In a tweet thread posted on Friday night, Vignarajah added: “For those looking at Md statute of limitations (SOL), the closest thing to what we today call attempted first-degree rape was, in 1982, assault with intent to rape, which is a felony to which no SOL applies. (Not to be confused with the misdemeanor of attempt to rape.)”

Lucille Baur, a spokesperson for the department, would not say whether declining to open an investigation without a specific request by a victim was police department policy for all cases, or all sexual assault cases, or for this case in particular. “There could be circumstances that develop that change what becomes appropriate for us,” she told CityLab Thursday. “We don’t know what would be reported to us, we don’t know what crime or crimes [were committed], and different types of crimes are investigated differently.”

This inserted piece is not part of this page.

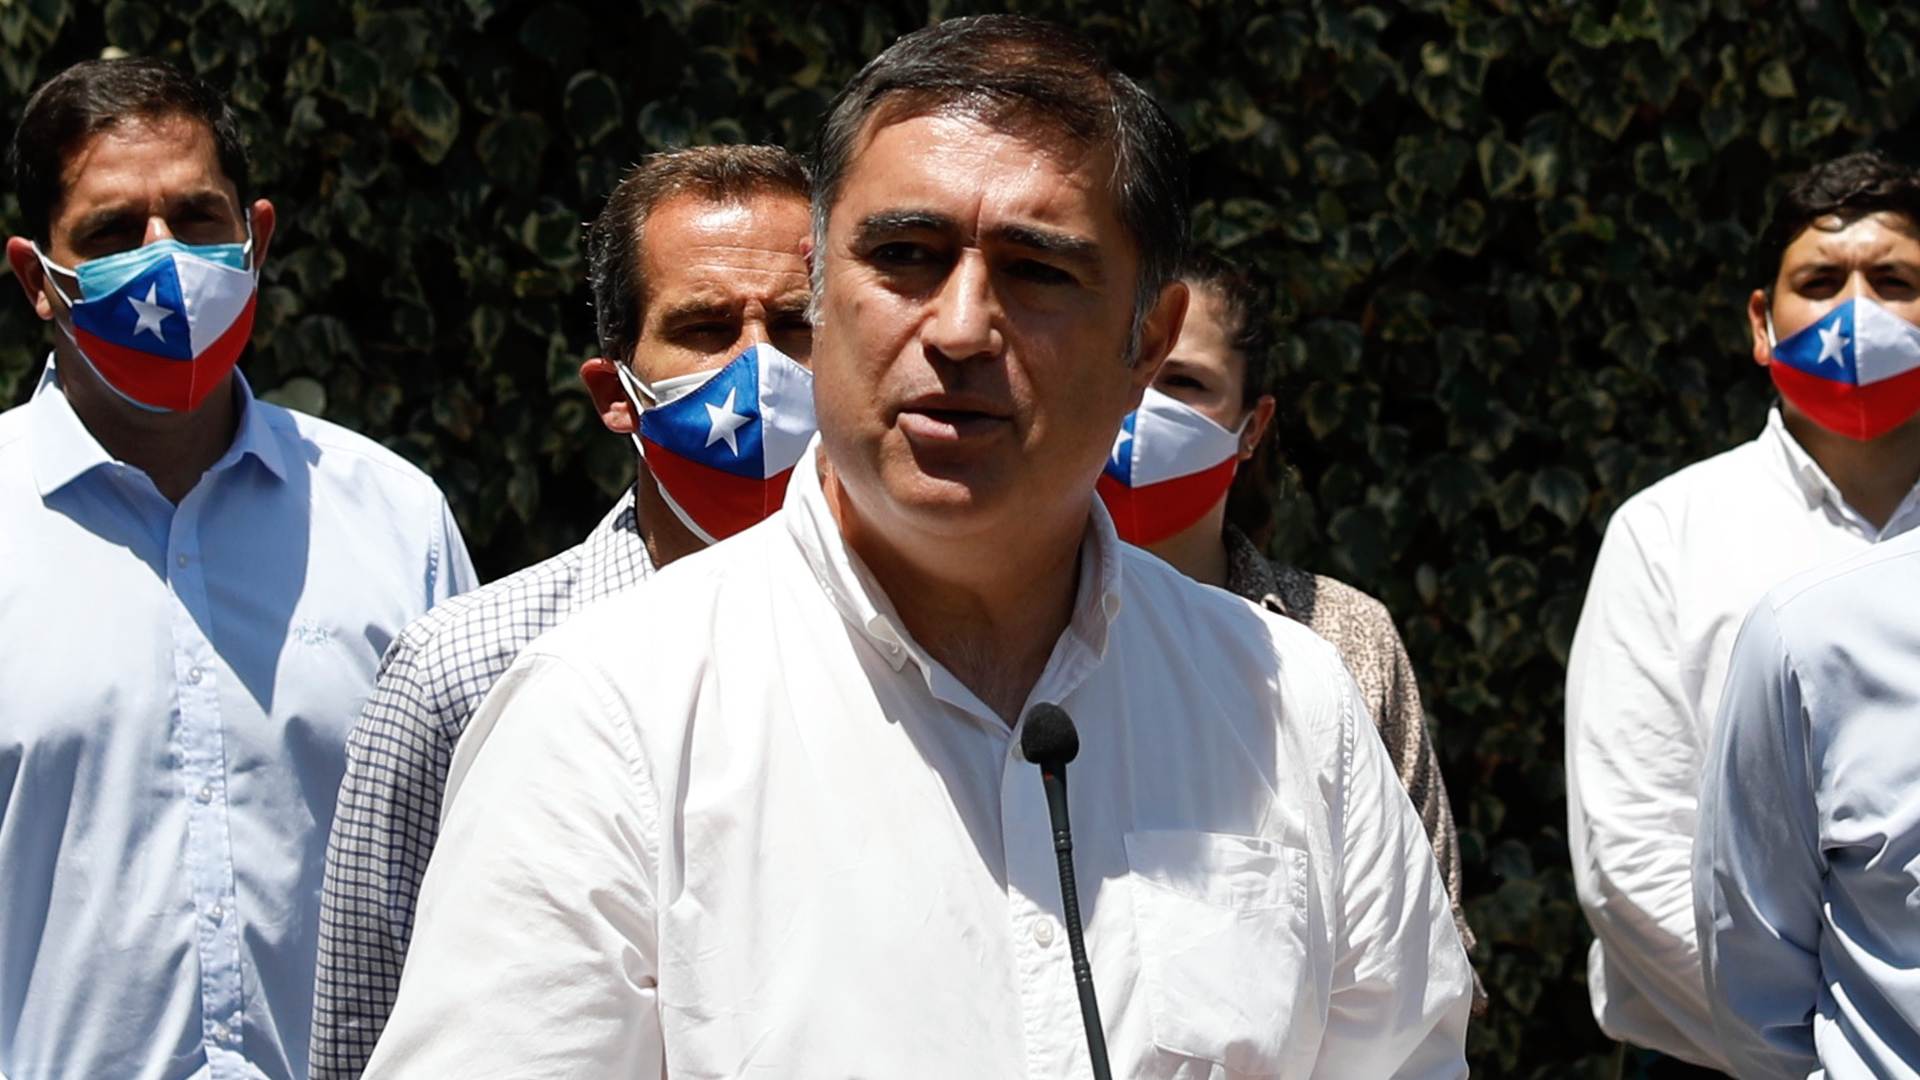 Ciper responde a acusaciones de Desbordes de ser parte de "operación política" para atacar su candidatura

The representatives challenge the fact that local law enforcement needs that express request to move forward, however. “We believe local law enforcement has the authority to investigate allegations of crimes without need for a formal complaint, and we further believe third parties have standing to bring such complaints,” the letter reads.

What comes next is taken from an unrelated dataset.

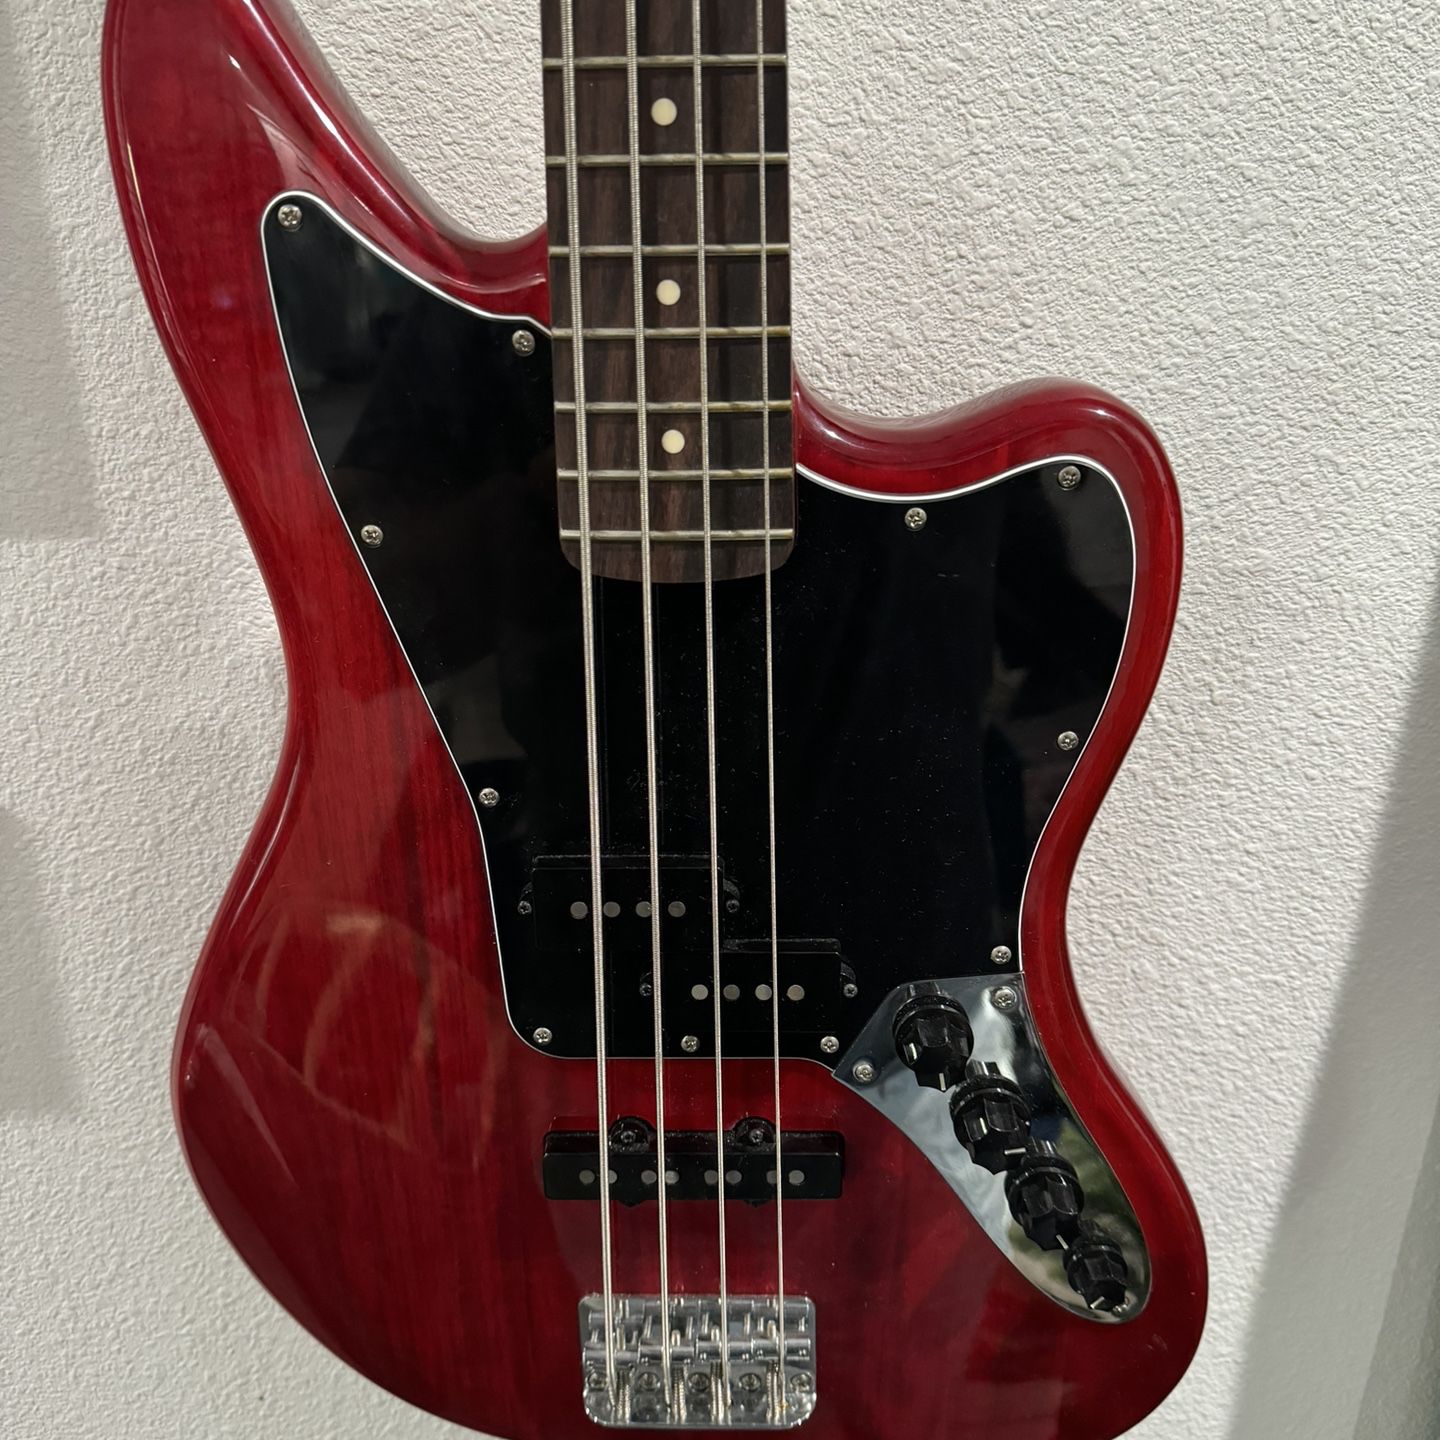 Jaguar Bass

Separately, State Senator Cheryl Kagan wrote her own letter last week requesting a state-level investigation, but Maryland Governor Larry Hogan declined to open one. After Thursday’s hearing, Hogan is calling for a delay to the confirmation, and demanding an independent investigation (but still not a state-level one) be conducted.

If local proceedings don’t move forward as the Maryland House has requested, the FBI still has the ability to reopen the case as Flake requested, with Senate Majority Leader Mitch McConnell direction and the White House’s approval. But as Senator Amy Klobuchar pointed out during Thursday’s hearing, when Anita Hill accused now-Supreme Court Justice (then-Supreme Court nominee) Clarence Thomas of sexual assault in 1991, George H. W. Bush ordered that an investigation into his conduct be reopened by the FBI. And it was.

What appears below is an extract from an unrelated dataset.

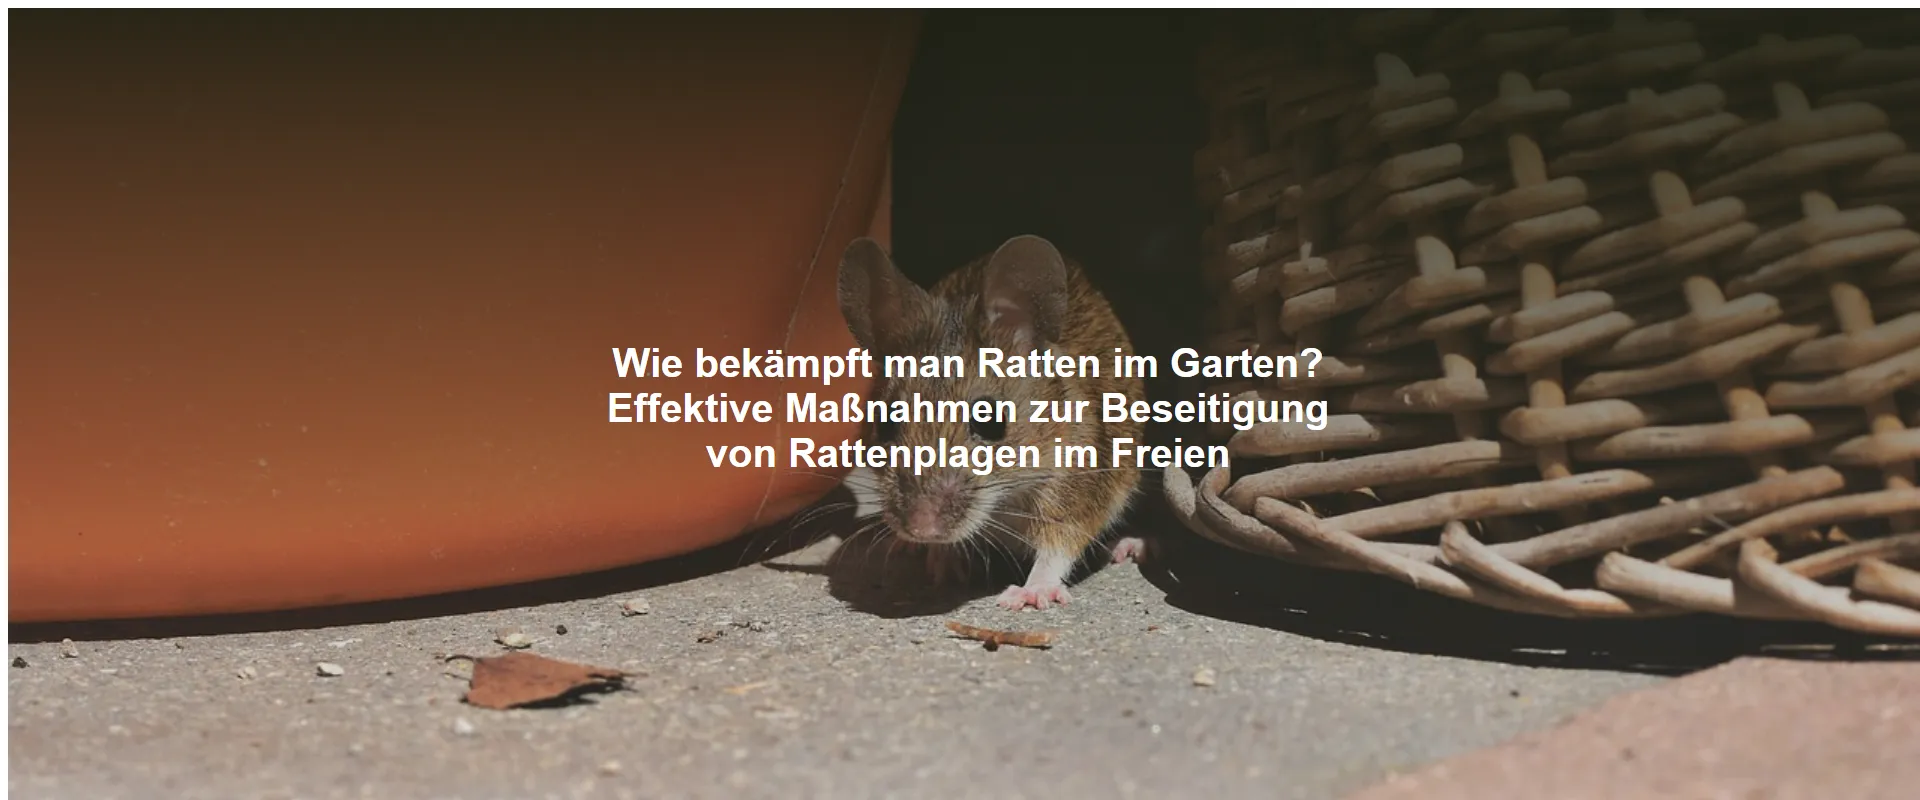 Wie bekämpft man Ratten im Garten? Effektive Maßnahmen zur Beseitigung von Rattenplagen im Freien

If other claims of sexual assault are raised in the coming days in states with stricter statutes of limitations, they will be impossible to prosecute locally. These restrictions have been implemented for various reasons, says Vignarajah. “One school of thought is that time limits bring closure, they reflect a decision by the legislature that after a certain point the allegations should be left in the past,” he said. “Others say statutes of limitations are to make sure the evidence is reliable and not stale.” Different states take different approaches, but the United States Senate is not bound by any such approaches.

Still, launching a local investigation has symbolic weight, even if it doesn’t present a realistic chance of delaying Kavanaugh’s confirmation, nor a clear pathway towards prosecution. “I think our goal was to exert external pressure and to make this request and make sure it was known that there’s strong public support for some action in terms of an investigation,” said Kelly. “We hear a lot from parents of current teenagers today about the message that a lack of an investigation is sending; that for some reason this investigation doesn’t matter, that you can get away with it.”

For the teenage girls—and boys—in Montgomery County today, she says, it matters a lot.